**WHAT TO PRODUCE:** A letter-for-letter copy of the listing is required, with no pictures in it.

**DATASET EXTRACT:**
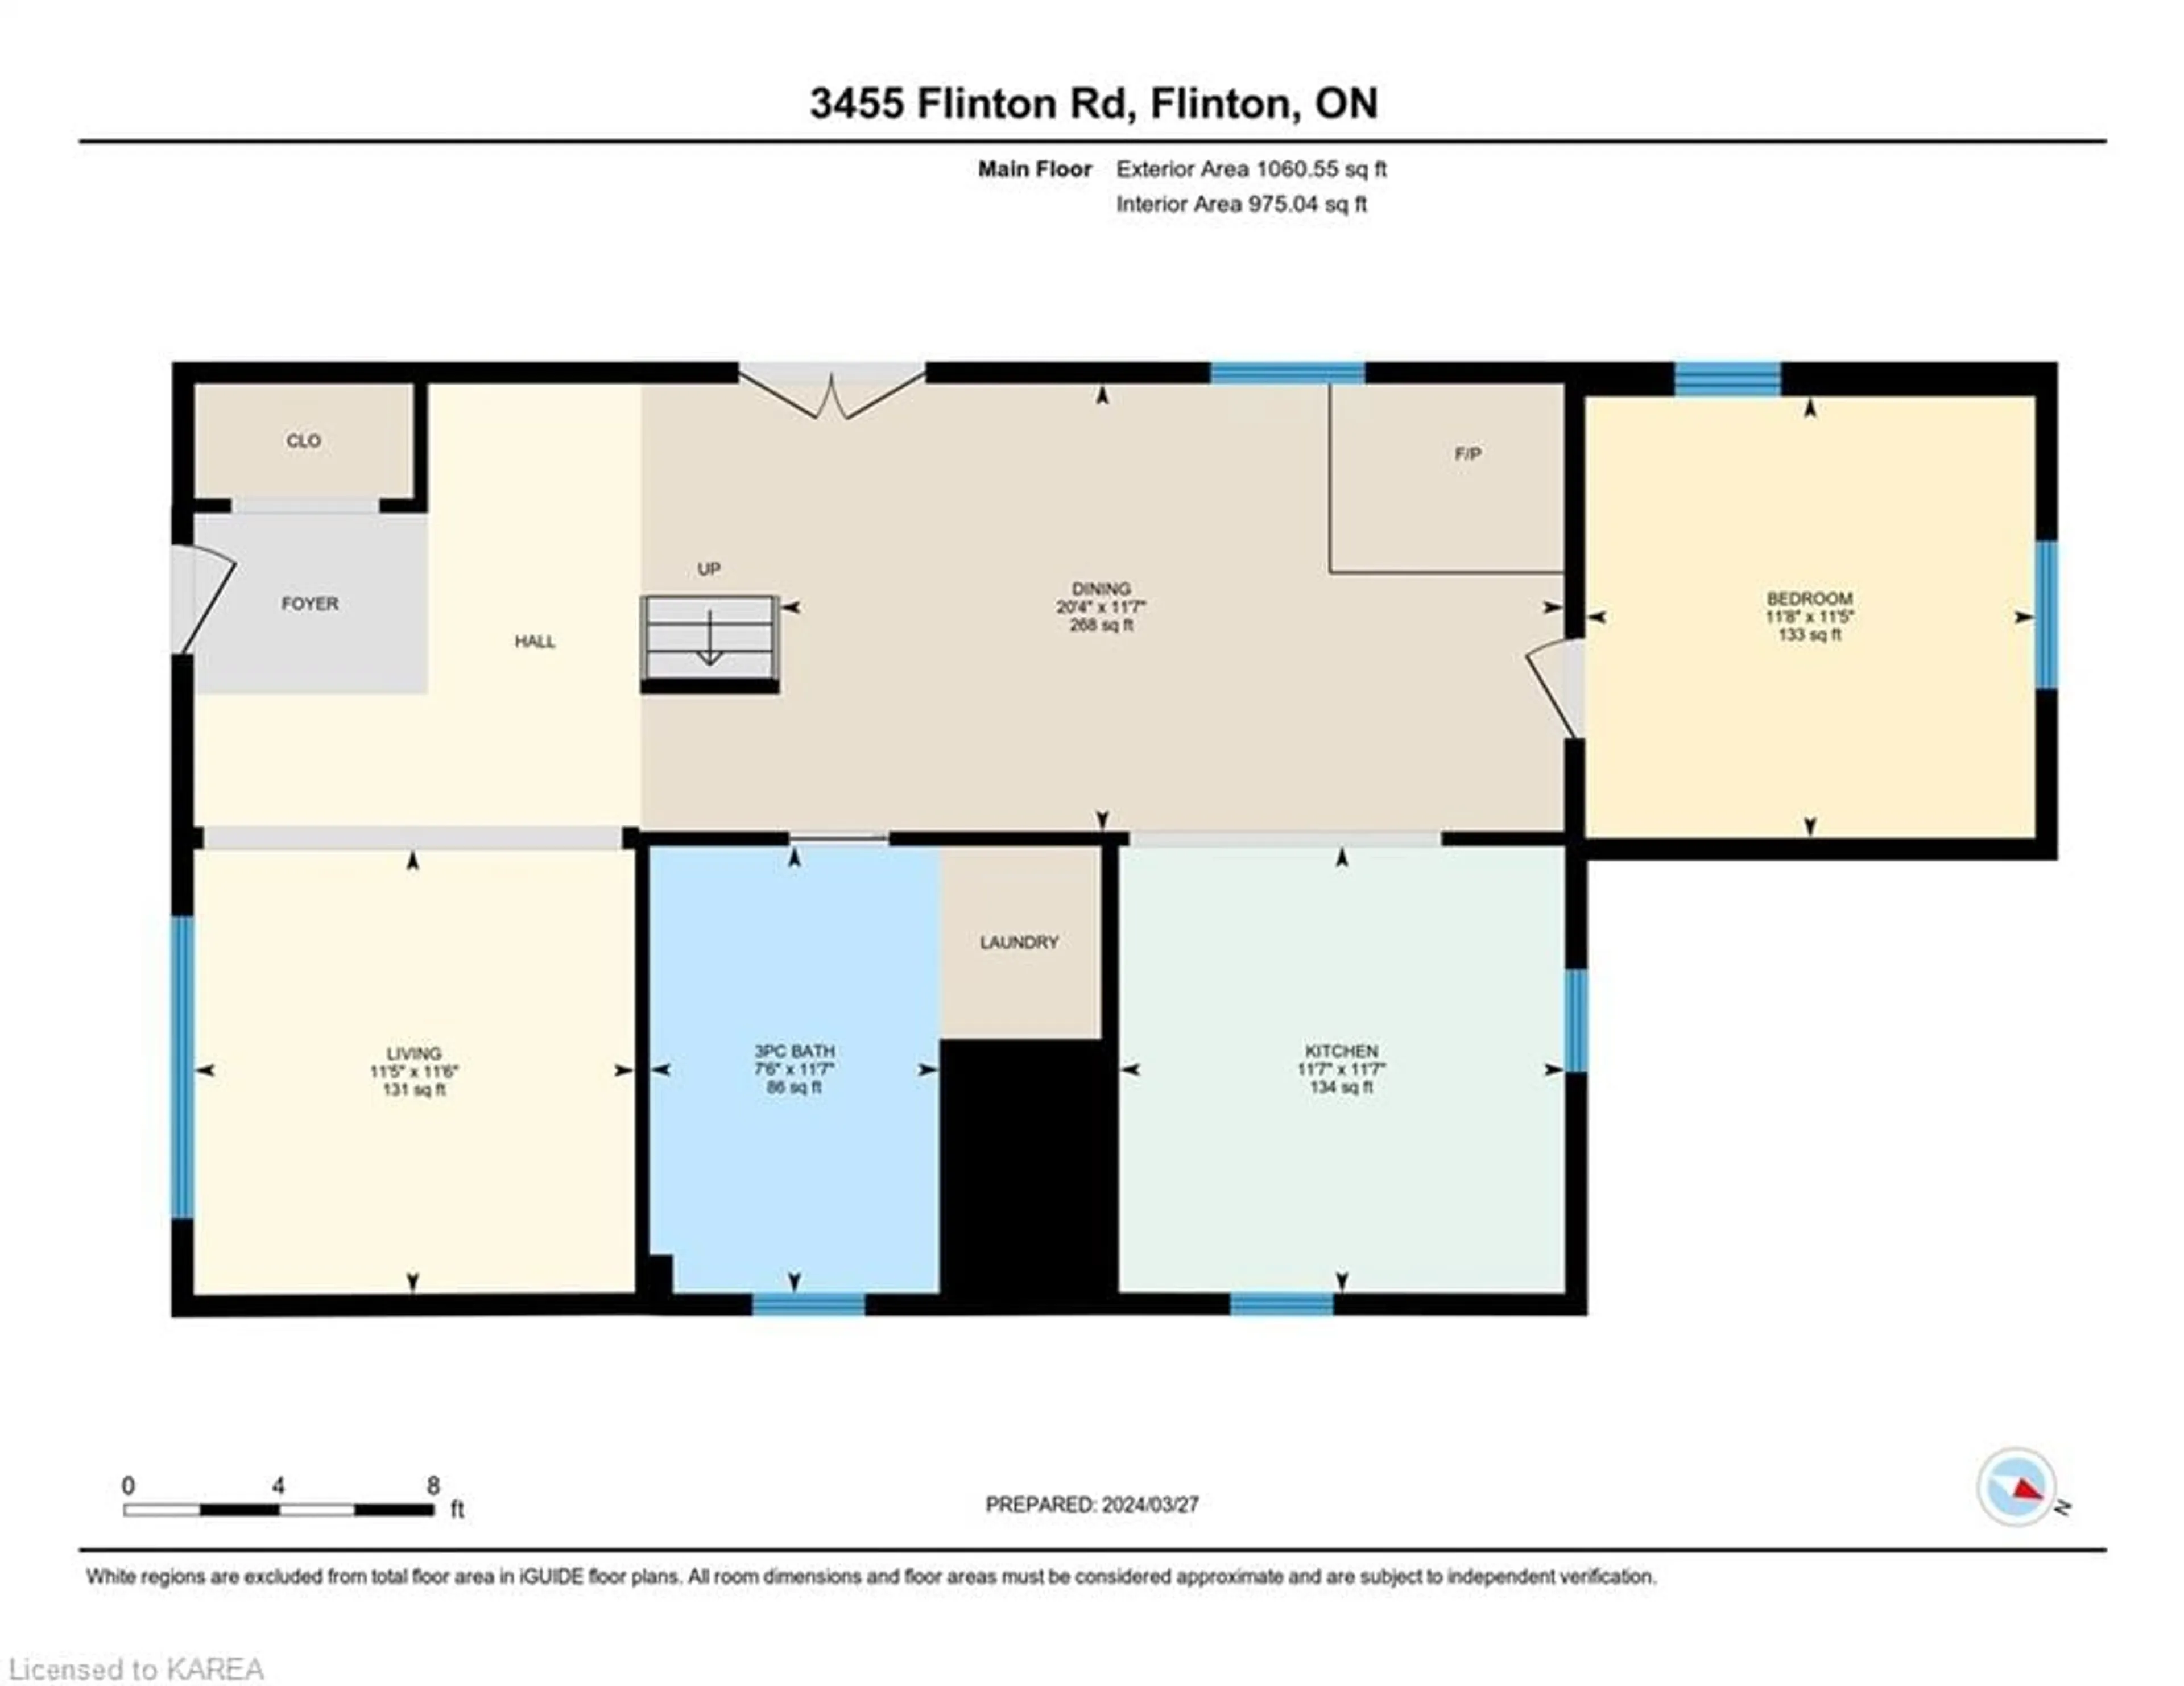 Floor plan for 3455 Flinton Rd, Flinton Ontario K0H 1P0
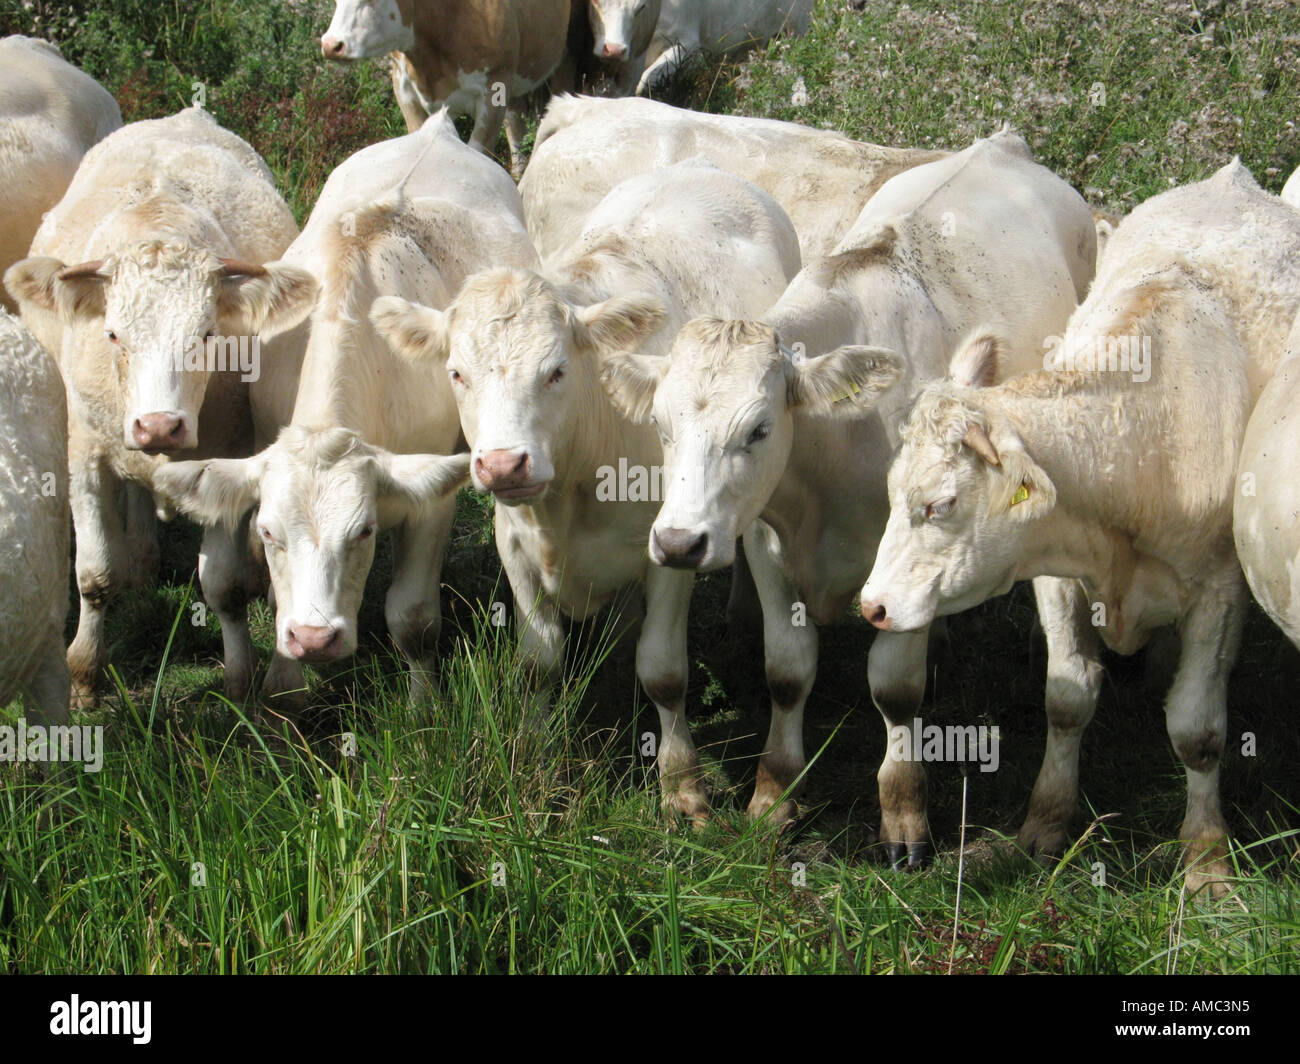 Charolais or charolais cross cattle lined up, Norfolk Broads, England, UK. Stock Photo
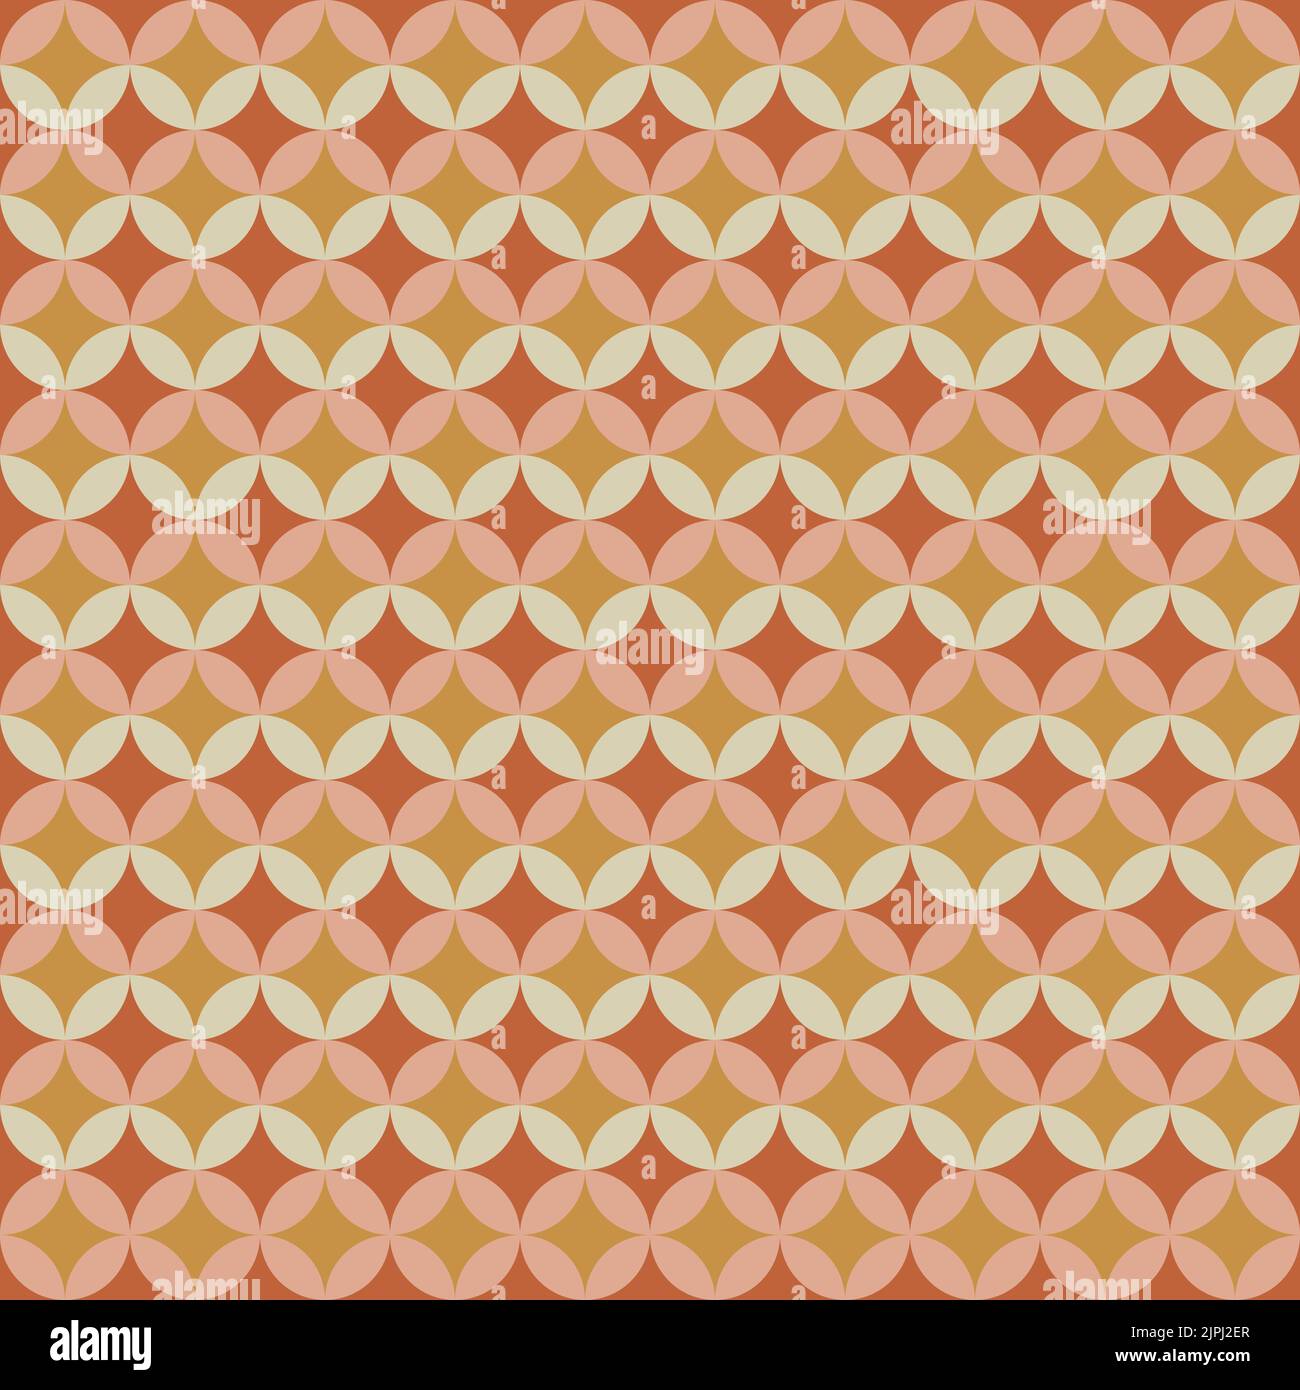 70 s seamless pattern. Retro geometric seamless background in seventies style. Groovy scrapbook paper. Yellow, orange, beige vintage colors vector pat Stock Vector

**REPLY:**
 Floor plan for 3455 Flinton Rd, Flinton Ontario K0H 1P0
 Charolais or charolais cross cattle lined up, Norfolk Broads, England, UK. Stock Photo
 70 s seamless pattern. Retro geometric seamless background in seventies style. Groovy scrapbook paper. Yellow, orange, beige vintage colors vector pat Stock Vector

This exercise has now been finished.